Постижение Петербурга. В чем смысл и предназначение Северной столицы - страница 55
Прежде, при учении и с амвона, неустанно провозглашалось, что центр мира – «…Святая Русь, Третий Рим, противостоящий странам “неправильных”, еретических религий; в основе деления мира, его иерархии лежала конфессиональная принадлежность» [3. С. 41]. В этом мире Россия стояла на недосягаемой вершине. Здесь и только здесь всё было истинно правильное – вера и церковь, государственное устройство и домостроевские устои, города и деревни, войско и оружие, одежда и телеги, лавки и сбитень.
Нечастые иностранцы, заезжавшие в далёкую Московию, были поражены самодовольством этого народа, который не знал и не желал знать, как живут в других государствах. Дипломат Адольф Лизек в «Сказаниях о посольстве от императора Римского Леопольда к великому царю московскому Алексею Михайловичу в 1675 году» констатировал: «Простой народ… презирает всё иностранное, а всё своё считает превосходным.» [1. С. 73]. Уже не раз упоминавшийся на этих страницах Фридрих-Христиан Вебер отмечал то же самое: в прошлом веке московиты были «самыми тщеславными и прегордыми из людей», «они смотрели на другие народы как на варваров», «их гордость заставляла думать о себе как о народе передовом» [3. С. 30].
В действительности страна начала европеизироваться ещё при Алексее Михайловиче.

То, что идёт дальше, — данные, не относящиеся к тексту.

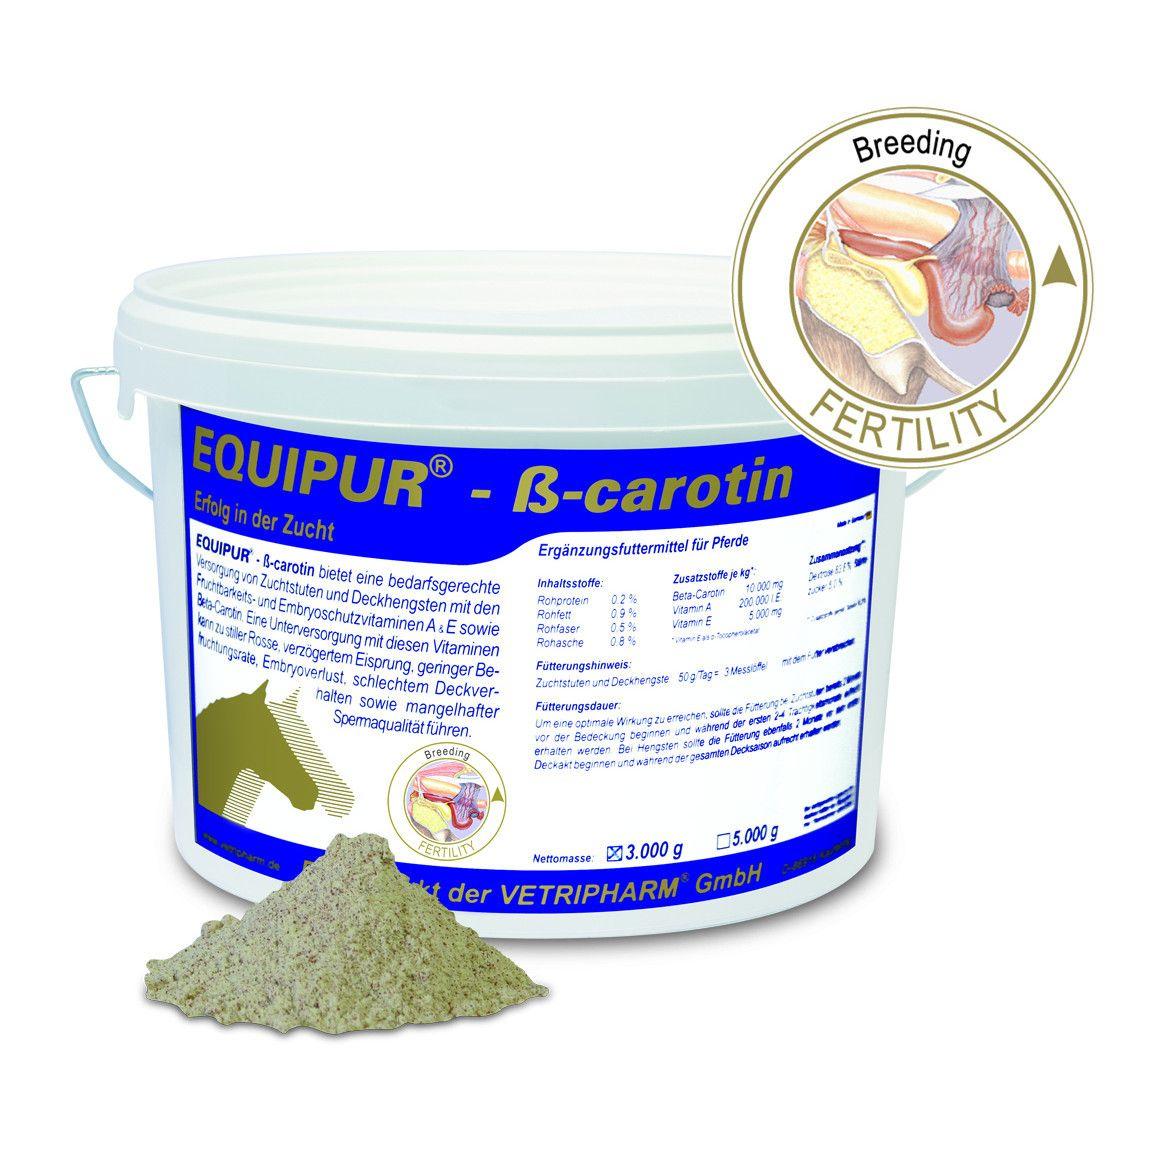 Vetripharm Equipur ß-carotin

Но процесс этот шёл медленно, и народное сознание его не замечало, оставаясь в плену старых, традиционалистских и этноцентричных догм. Теперь же, при Петре, всё враз переменилось. Вдруг выяснилось, что Россия – вовсе не центр мироздания, потому как есть другие, «политичные», более передовые страны, обладающие сильным флотом и армией, развитой промышленностью, искусствами и науками. И больше того – не им у нас, а нам у них следует учиться. «Признание европейских народов более богатыми, процветающими, более сильными в военном отношении, превращение Европы в образец для подражания наносило сильнейший удар по базовым представлениям русского общества, видоизменяло саму систему скреплявших его идей», – подытоживает историк Ольга Агеева [3. С. 41–42]. Ещё бы, ведь необходимость брить бороду, носить чужую «европскую» одежду, переезжать в новый град Санктпитербурх (даже само название-то чужеземное!), строить себе там дом по иностранному образцу и жить в нём, как сроду не жил никто из предков, – всё это и многое другое было изменой вековому сознанию, заставляло отказаться от того, что вошло в плоть и кровь.

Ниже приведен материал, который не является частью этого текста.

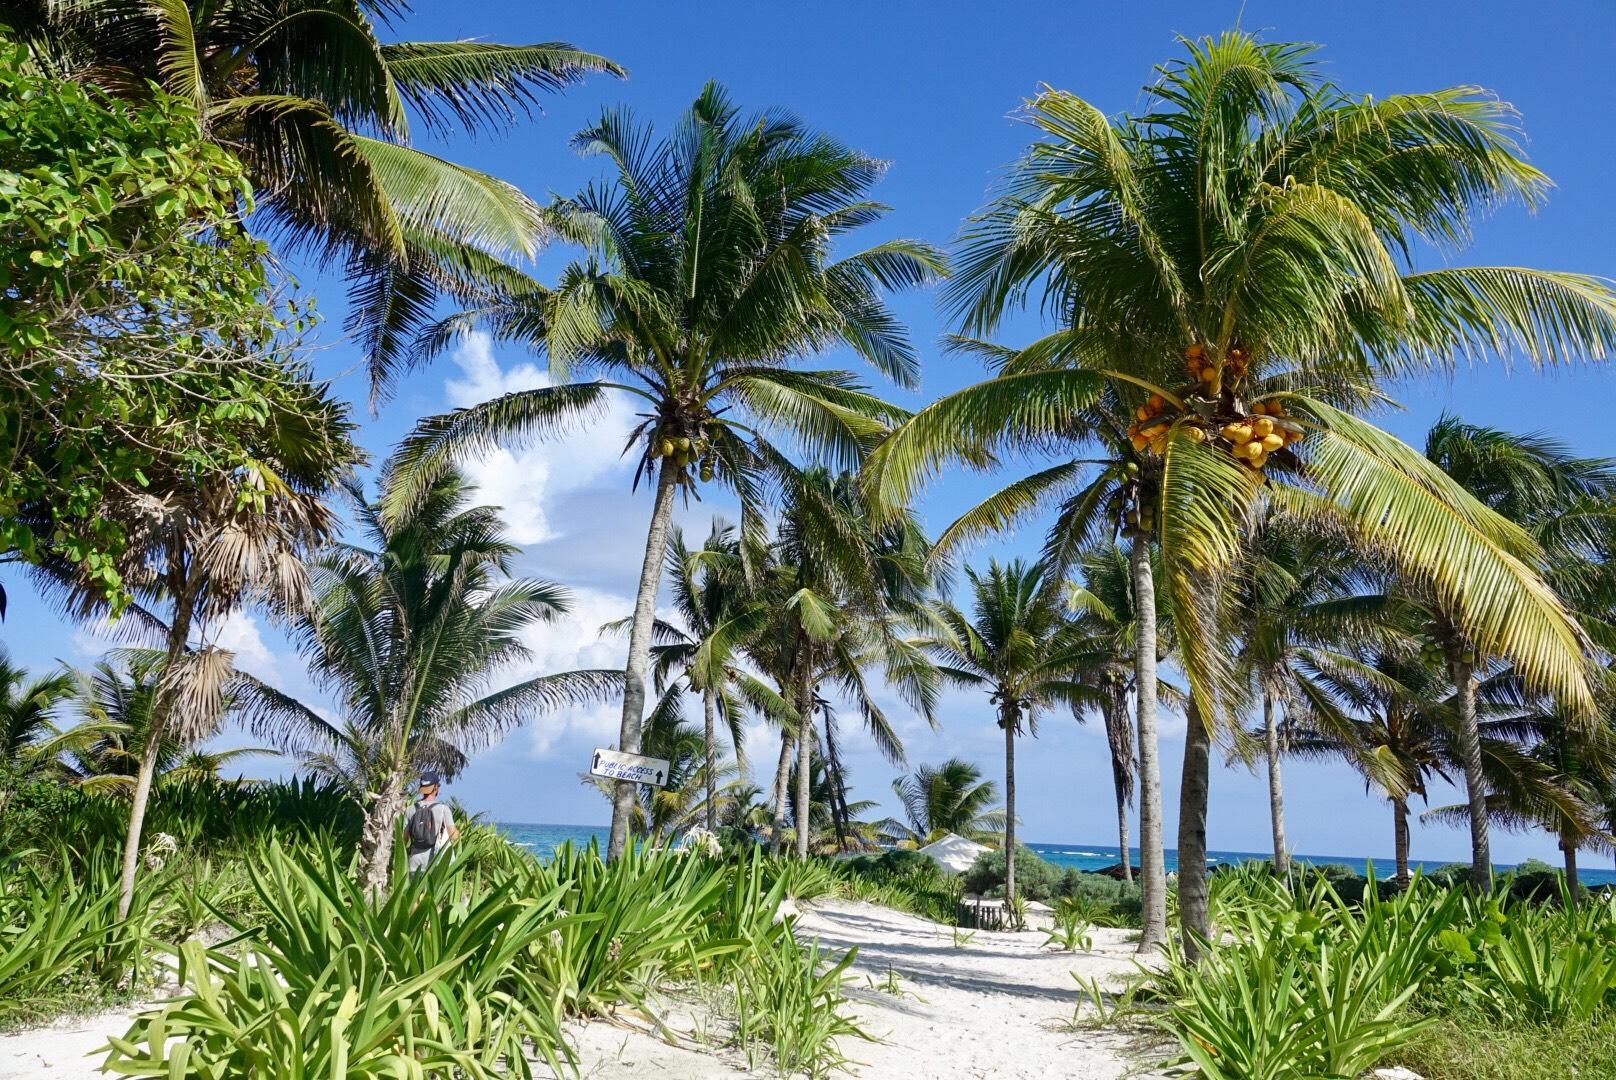 plages de tulum

И всё ради чего? Чтобы принять то, чего прежде никто не видал, а, главное, не понимал, зачем это нужно? Многие московиты впали в отчаянье. Александр Пушкин в подготовительных текстах к «Истории Петра I» записал одно из фамильных преданий: «Жёны молодых людей, отправленных <царём> за море <учиться>, надели траур (синее платье)» [22. С. 226].

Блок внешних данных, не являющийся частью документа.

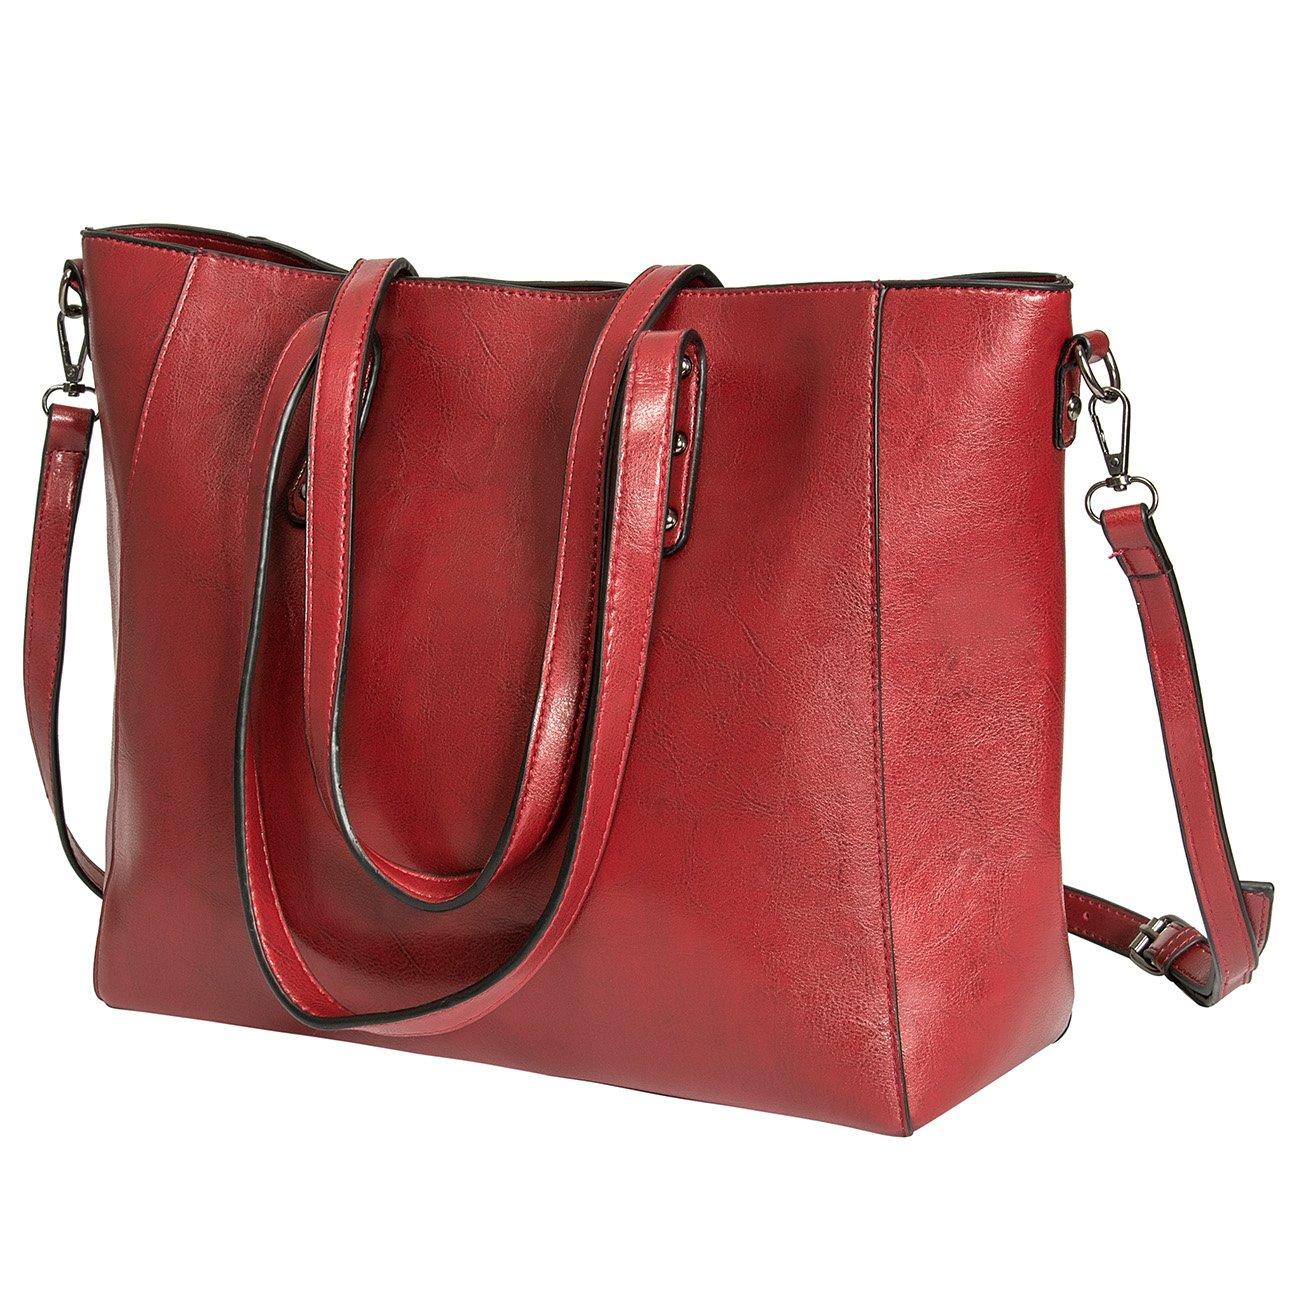 Women Top Handle Satchel Handbags Shoulder Bags Tote Purse (wine red)

Однако недаром на Руси говорят: сила солому ломит. Под натиском петровской политики русское национальное сознание, не любящее середины, качнулось к крайностям. Одни так уверовали в благотворность всего зарубежного, что любое тамошнее новшество, вплоть до моды на парики, а позже и причёски, стали почитать за образец для подражания («раз западное, значит хорошее»). Другие же, напротив, стали, чем дальше, тем крепче держаться за исконное даже тогда, когда оно явно никуда не годилось («своё всегда лучше, чем чужое»).
Эти две крайние противоположности сперва держались на обыденном уровне, но в конце концов, как и следовало ожидать, вылились в социокультурные движения – «западников» и «славянофилов». Но началось всё с Петра, который на берегах Невы распахнул окно в Европу.